Questions of fact call upon an appellate court to review the trial court's findings regarding "historical" facts (that is, what happened) and questions of credibility. People v. Cromer, 24 Cal. 4th 889, 900 (2001); Haworth at 384. Appellate courts generally defer to a trial court's findings of fact, and thus employ the deferential "substantial evidence" standard of review. Haworth at 384. Under this standard, a finding of historical fact must be affirmed unless, when the record is viewed in the light most favorable to that finding, there is no "reasonable, credible evidence" to permit a "reasonable trier of fact" to make that finding, People v. Barnwell, 41 Cal. 4th 1038, 1052 (2007); In re George T., 33 Cal. 4th 620, 630-31 (2004), and a credibility finding cannot be "reevaluat[ed]" and must be affirmed unless the content of the witness's testimony was "physically impossible" or its truth or falsity evident without resort to inferences or deductions, People v. D'Arcy, 48 Cal. 4th 257, 293 (2010); People v. Mayberry, 15 Cal. 3d 143, 150 (1975). Importantly, this deference traditionally applies "whether the trial court's [factual finding] is based on oral testimony or declarations." Shamblin v. Brattain, 44 Cal. 3d 474, 479 (1988); Haraguchi v.
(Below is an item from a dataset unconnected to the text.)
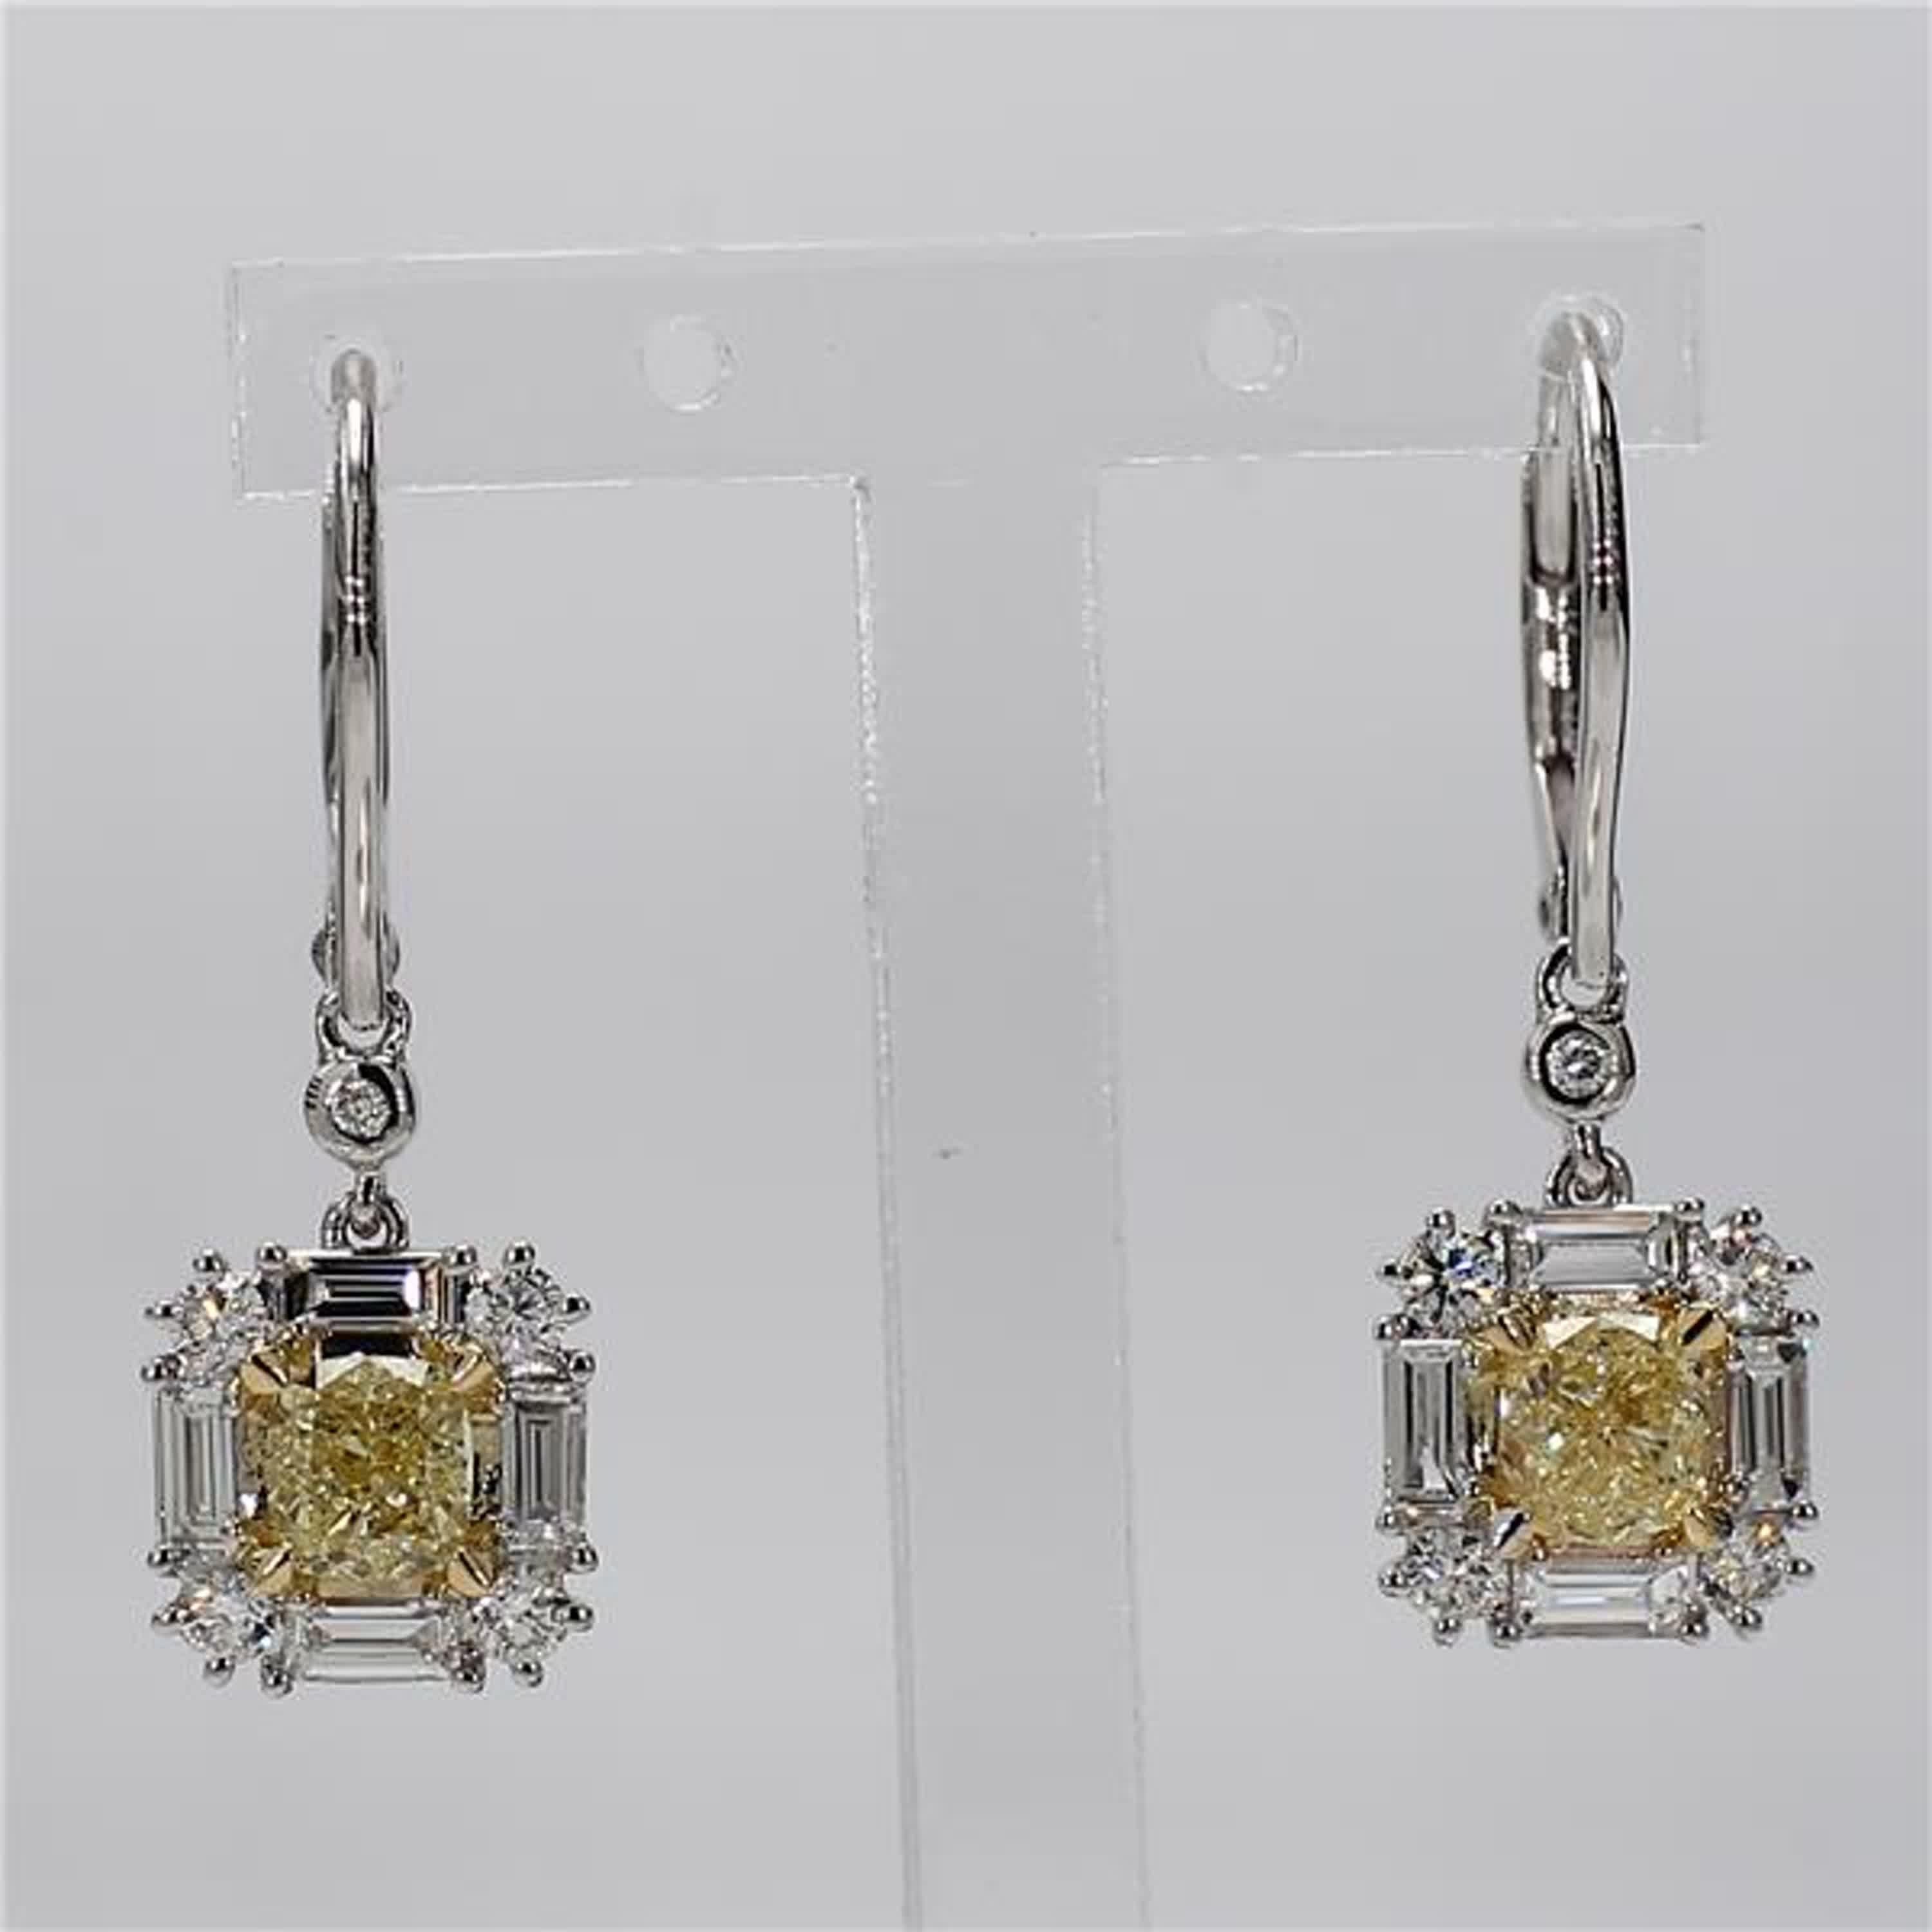 RareGemWorld's classic diamond earrings. Mounted in a beautiful 18K Yellow and White Gold setting with natural cushion cut yellow diamonds. The yellow diamonds are surrounded by small round natural white diamond melee as well as natural white

Superior Court, 43 Cal. 4th 706, 711 (2008).

Why this level of deference to a trial court's factual findings? The answer is twofold. First, trial courts -- at least vis-à-vis appellate courts -- "are in a better position" to "evaluate and weigh the evidence" and "to assess witness credibility." Haraguchi at 713; Haworth at 385. Second, tasking the trial courts with making factual findings relieves appellate courts of "the burden of a full-scale independent review and evaluation of the evidence," thereby "conserving" their time for the legal issues "that appellate courts ... are best situated to decide." Louis at 986; Haworth at 385.
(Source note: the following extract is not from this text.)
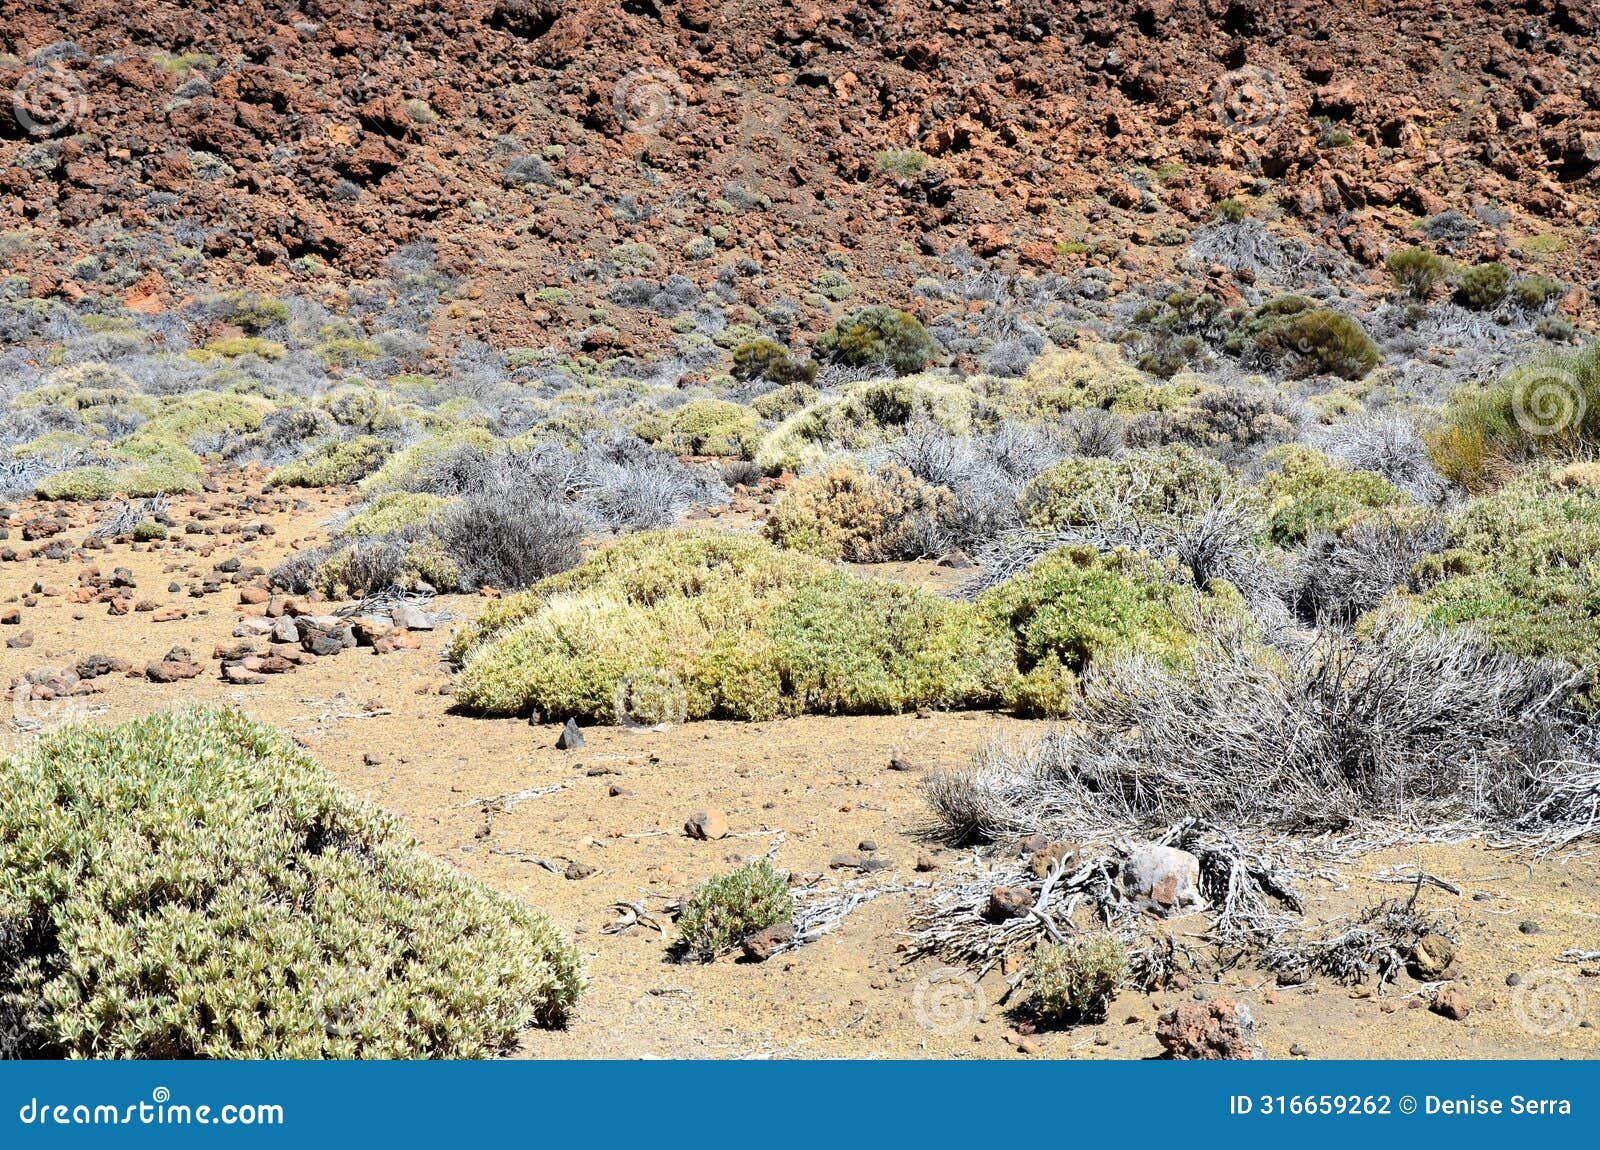 scenic view of volcanic rock formations in desert during sunny day, teide national park, tenerife

Mixed questions of law and fact "concern the application of the rule to the facts and the consequent determination whether the rule is satisfied." Haworth at 384. Whether appellate courts will defer to a trial court's ruling on a mixed question depends upon whether it is "predominantly legal" (that is, when the question "requires a critical consideration, in a factual context, of legal principles and their underlying values") or "predominantly factual" (that is, when the question turns on "the application of the fact-finding tribunal's experience with the mainsprings of human conduct" or "human affairs"). Crocker Nat'l Bank v. City & County of San Francisco, 49 Cal. 3d 881, 888 (1989); Louis at 987; Waidla at 730-31. Appellate courts review the former independently, and the latter solely for substantial evidence. Haworth at 385; Crocker at 888.